• O
conto exemplifica a eterna luta entre o Bem e o Mal. A aia, a rainha e a
população do reino, por exemplo, representam o Bem: a aia é leal, sente ternura
pelo príncipe e comporta-se de forma admirável; a rainha tem amor pelo
escravozinho, sente-se “desventurosa” por o reino estar em perigo e “ditosa”
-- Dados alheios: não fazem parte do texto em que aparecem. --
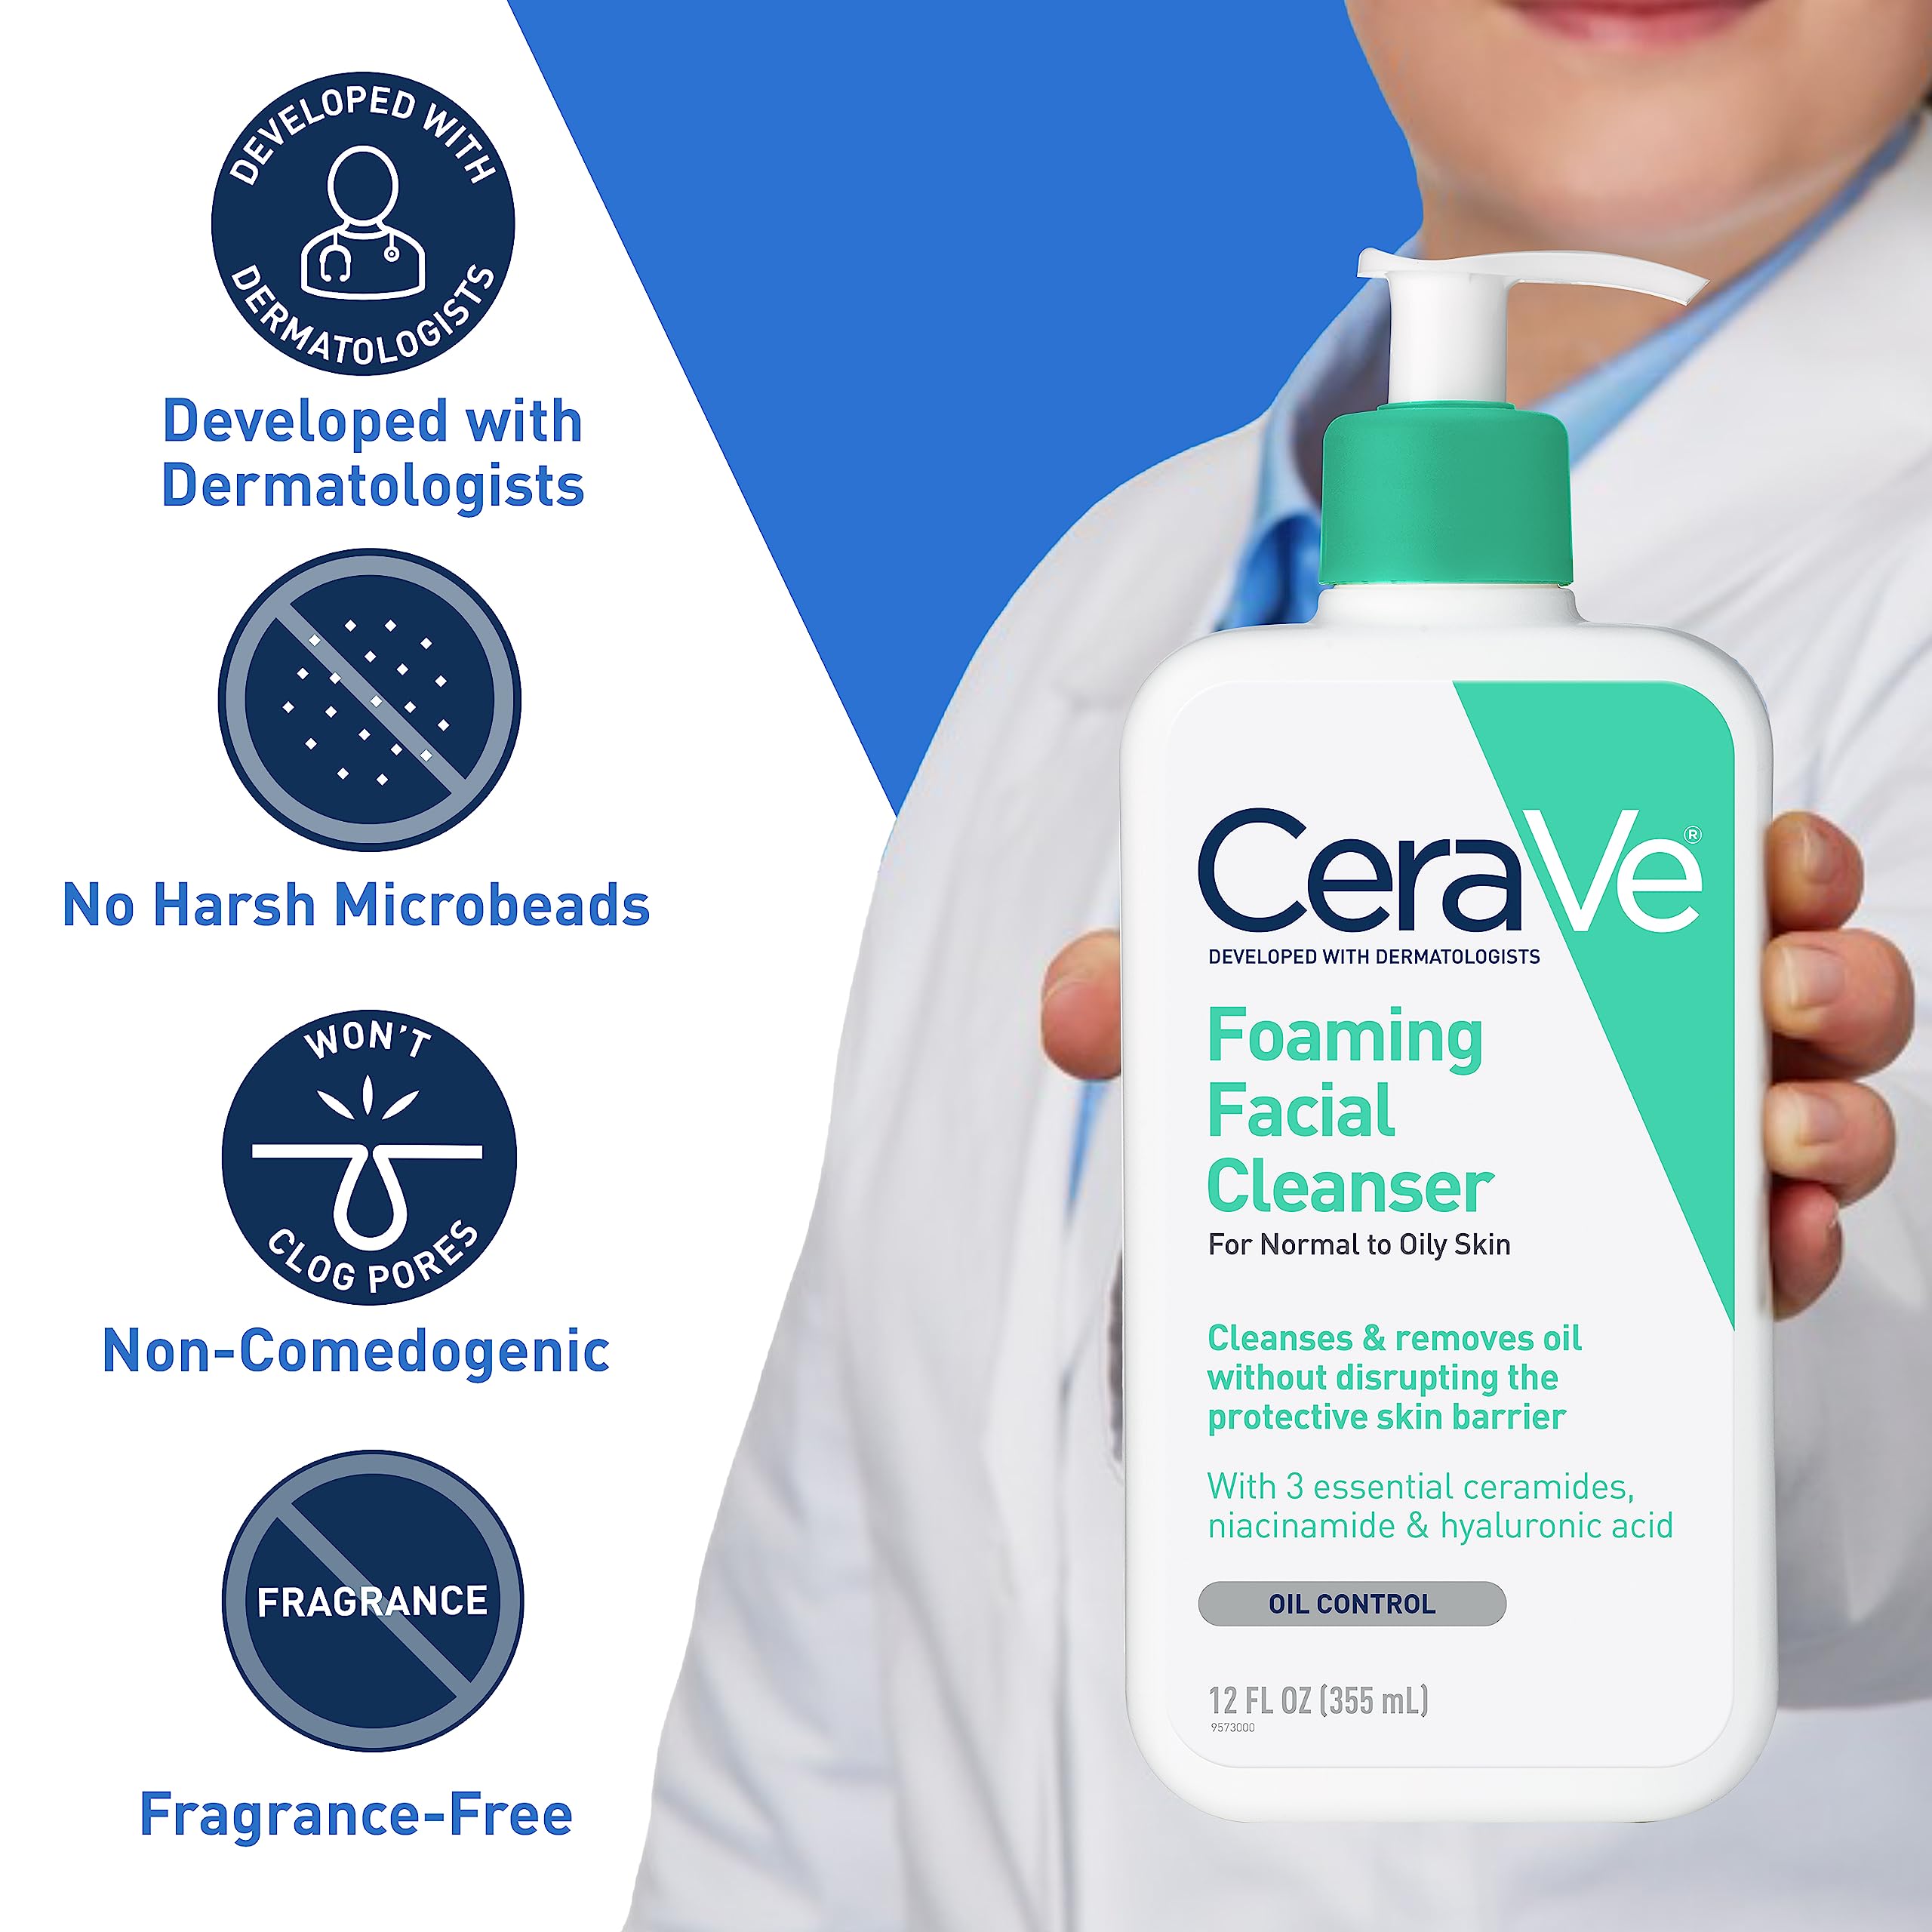 CeraVe Foaming Facial Cleanser | Daily Face Wash for Oily Skin with Hyaluronic Acid, Ceramides, and Niacinamide| Fragrance Free Paraben Free | 16 Fluid Ounce

pela salvação do filho; o reino tinha “casais e aldeias felizes” e a população
era “fiel” e recompensava quem praticava boas ações. Por seu turno, o bastardo
e a sua «horda» representam o Mal: o irmão do rei é caracterizado como
“bastardo cruel”, “homem depravado e bravio”, “um homem de rapina”, que, com a
sua horda, executa a matança.
•
Por outro lado, Eça pretendeu criticar a sociedade do seu tempo, o século XIX,
nomeadamente a escravidão e a inferioridade do negro. Apesar de o herói ser uma
mulher, escrava e negra, essa ascensão da aia só vem acentuar as diferenças
sociais.
•
Eça tem em mira o pensamento dogmático e conservador que estipula a soberania
do rei sobre o súbdito, do nobre sobre o plebeu, do rico sobre o pobre; em
suma, do senhor sobre o servo que, ao reconhecer essa suposta soberania, é
impelido ao sacrifício extremo.
•
Alegoricamente, o tio representa as fissuras da ordem colonialista. Deste modo,
Portugal, na sua dimensão intercontinental, apresenta-se como serva possuidora
de um filho de pele escura que é capaz de sacrificar em defesa do “status quo”,
particularmente das suas relações com a Inglaterra.
• O
conto condena a ambição desmesurada e exalta a fé, a lealdade e a fidelidade,
socorrendo-se de um tempo passado, longínquo, mas que porta consigo uma certa
autenticidade, na esteira das narrativas tradicionais, como a fábula e a lenda,
que são portadoras de uma verdade que ratifica valores coletivos. Ao retomar
essa tradição narrativa de base oral, Eça, através da figura da aia, apresenta
ao leitor valores como a lealdade, a fidelidade e a fé. Disseminados pelo poder
e, uma vez assimilados pelos dominados, esses valores perpetuam a dominação.
• Publicado
em 1893, o conto surge pouco depois do Ultimatum inglês, que colocou
Portugal numa situação de submissão e humilhação face à Inglaterra,
nomeadamente no que diz respeito à posse das colónias africanas de Chire e das
regiões habitadas pelos Macalocos e os Machonas, sob a ameaça de rompimento
diplomático (que implicaria perdas económicas incalculáveis) e a invasão da
esquadra britânica em Gibraltar. Assim, Portugal passaria da condição de
poderoso colonizador com posição de destaque no cenário europeu desde o século
XVI, à posição de nação serva e subjugada ao poderio inglês. Tal episódio
representa a decadência gradativa do país. O facto de a ação se localizar na
Índia, território que Portugal sempre quis atingir, remete para o poderio do
império marítimo português, que teve como uma das suas principais conquistas a
rota para as Índias em 1492, e tal poderio sucumbia às mãos das imposições
inglesas. Assim, Eça pretenderia, com este conto, abordar simbolicamente a
situação histórica vivida pro Portugal naquela época.
•
Numa leitura alegórica, a morte do rei – além de ecoar, por similitude – o
desaparecimento de D. Sebastião – parece aludir à perda dos ideais
colonialistas nostalgicamente evocados através da referência à longínqua Índia,
com todos os seus tesouros: “pedrarias, galas e céus sumptuosos”.